Assim continuei por dias e dias, comia pela manhã...e passava o resto do dia esperando algo acontecer, vendo os lindos "por de sol" na cidade.





Numa certa manhã, cansado desta situação, caminhando pelas ruas, passei e "notei" uma igreja que estava numa praça central. Sentei em frente e refleti muito e muito e resolvi entrar para falar comigo mesmo...meditar...
Fazer uma oração, algo que eu não lembrava mais

Cheguei a fazer algumas orações, percebi que eu estava ali para aprender algo, buscava aprendizado, e aquele era o momento de crescer, amadurecer.  Passei então a acreditar mais em mim...divagando em suposições e delírios pensei até em estudar para ser padre da igreja católica. Imaginem !!!

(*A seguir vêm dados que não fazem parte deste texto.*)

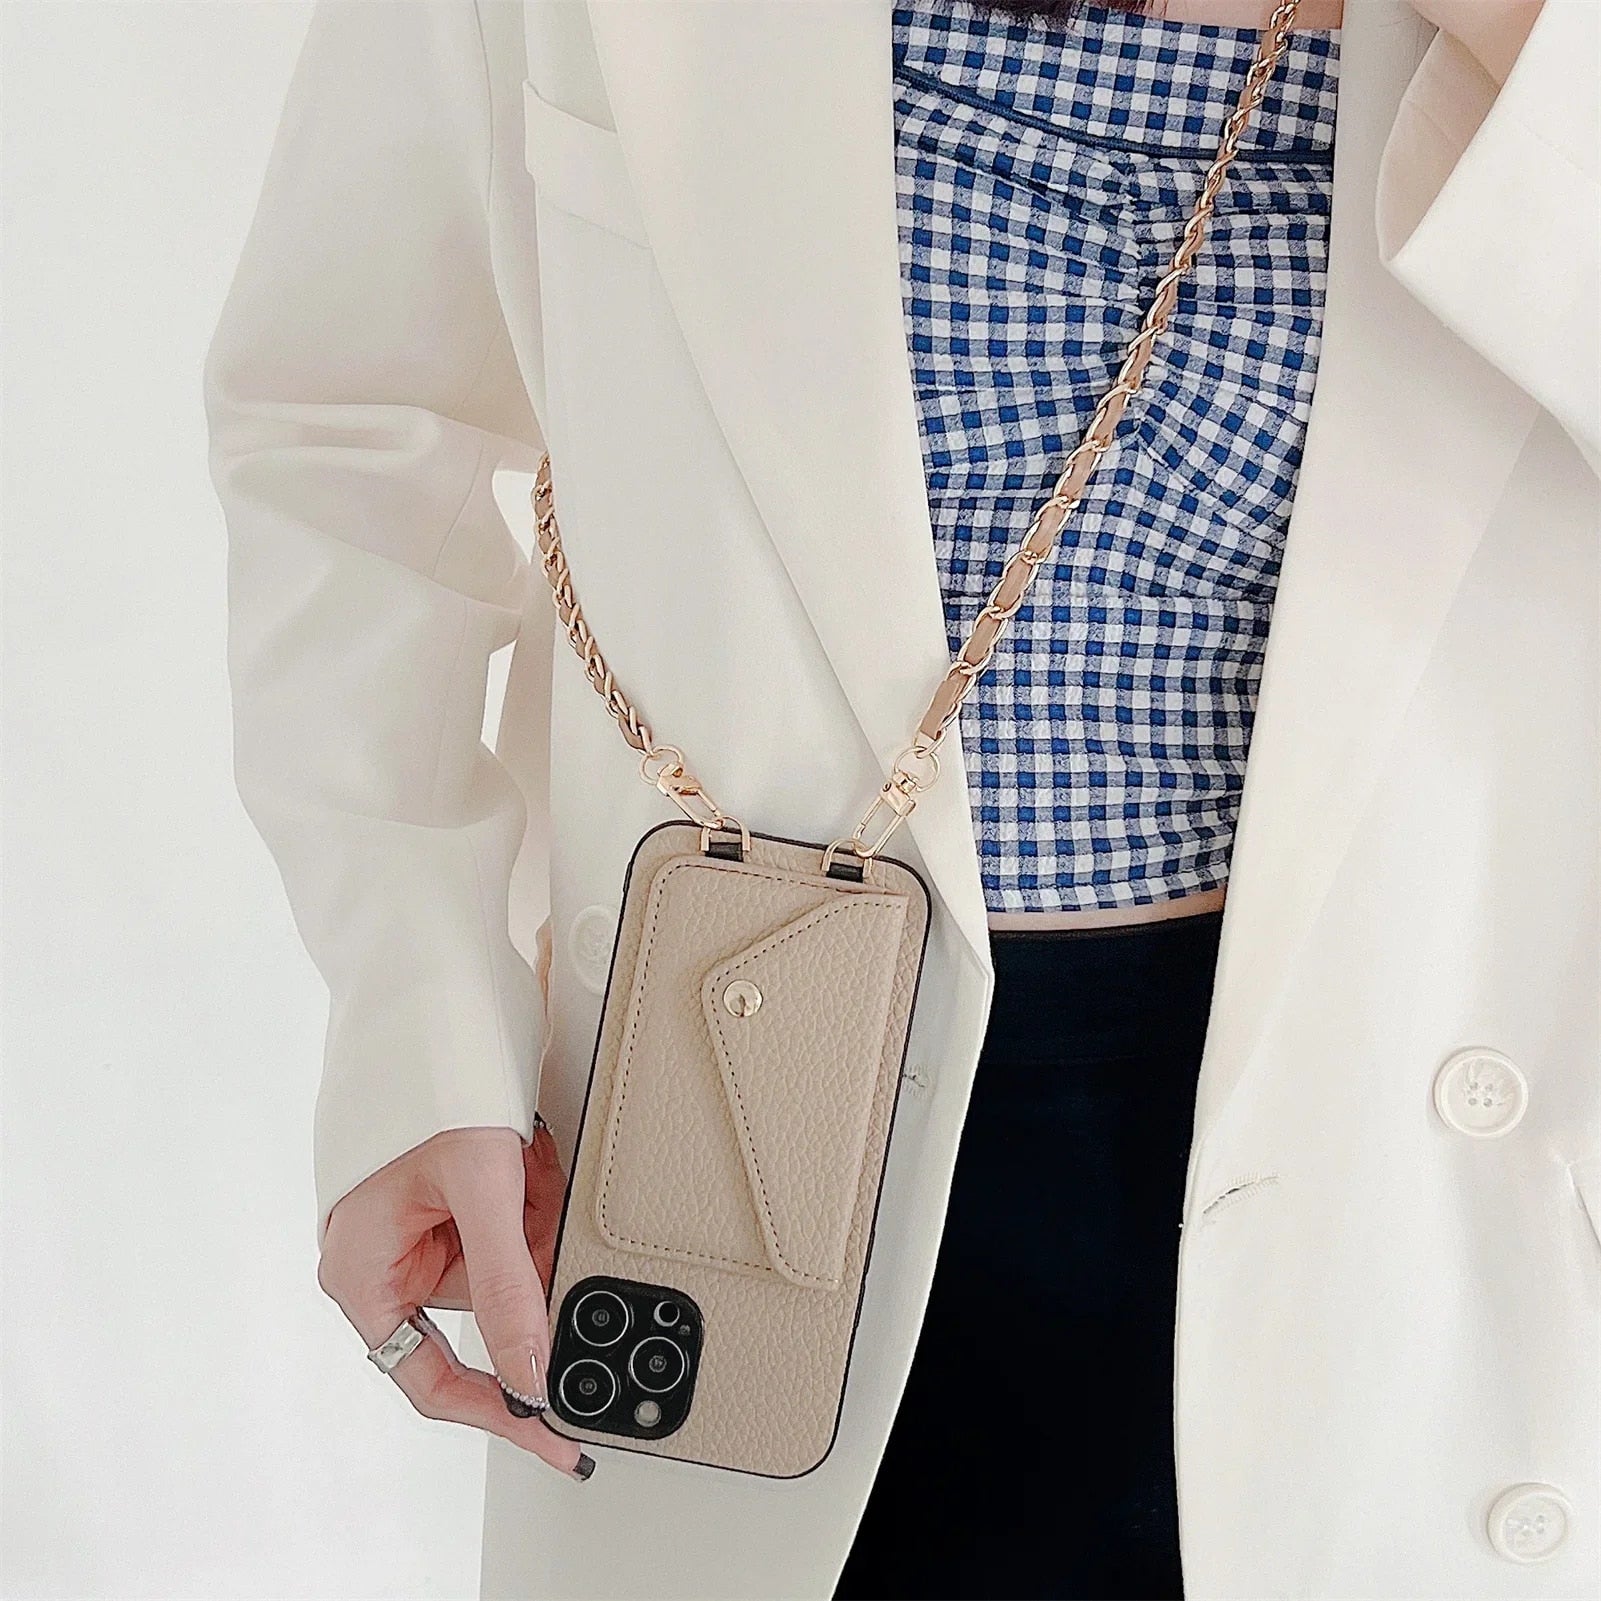 Hochwertige Crossbody-Brieftaschen-Ledertasche mit Kartenhalter und Portemonnaie-Funktion | Apple iPhone-Hülle mit Umhängeband und Geldbörsenfunktion - Phone Heaven Zone

Pensava assim, pelo menos vou poder comer todos os dias...e foi nestes devaneios que bati à porta do padre. Entrei, esperei alguns minutos e então,  fui recebido pelo pároclo da cidade.
Me ofereceu uma bom almoço...a comida nunca foi tão saborosa. Pratos quentes, carne, batatas, saladas, sucos e até gelatina de sobremesa. Eu poderia me acostumar facilmente ...
Após minha refeição conversamos muito, e cheguei acreditar mais em Deus, nas minhas possibilidades, embora tenha dito ao padre que estava pensando em voltar para o Brasil.

Essa história é bastante longa, como podem notar e eu vou tentar terminá-la aqui mesmo. 
Minha fé em Deus aumentou muito a partir da minha conversa comigo mesmo na igreja e para encerrar, ao chegar no Albergue, conheci um casal de brasileiros que estavam viajando pelo mundo há mais de três anos. Batemos um bom papo...
Contei um pouco da minha história e meus planos de fazer o mesmo que eles. 
Me deram um endereço de um amigo deles em Montreal, onde eu poderia ser recebido, seria acomodado e conseguiria um trabalho, (por curto período) para seguir para o Oeste Canadense, onde havia reais oportunidades de melhores ganhos. 
Fui anistiado da minha conta no Hostes.  
Dormi muito bem aquela noite, levantei cedo, juntei minhas coisas e voltei pra estrada. 
Consegui uma carona direta até Montreal, com um bom sujeito que na viagem me contou ser oficial da imigração.
Imaginem a minha situação! Não podia comentar os meus planos e nem mencionar que a pessoa que ia me receber em Montreal, iria me conseguir os documentos para que eu pudesse trabalhar... 
No percurso, pagou meu almoço e me deixou na porta, isso levou até o endereço que eu tinha que chegar. 



Foi outro anjo da guarda! 

Aliás, conheci no Canadá o maior número deles.
Tenho certeza que fui protegido o tempo todo por estes anjos da guarda, e apesar das dificuldades que vieram a acontecer, nunca me senti desamparado. 
Obrigado !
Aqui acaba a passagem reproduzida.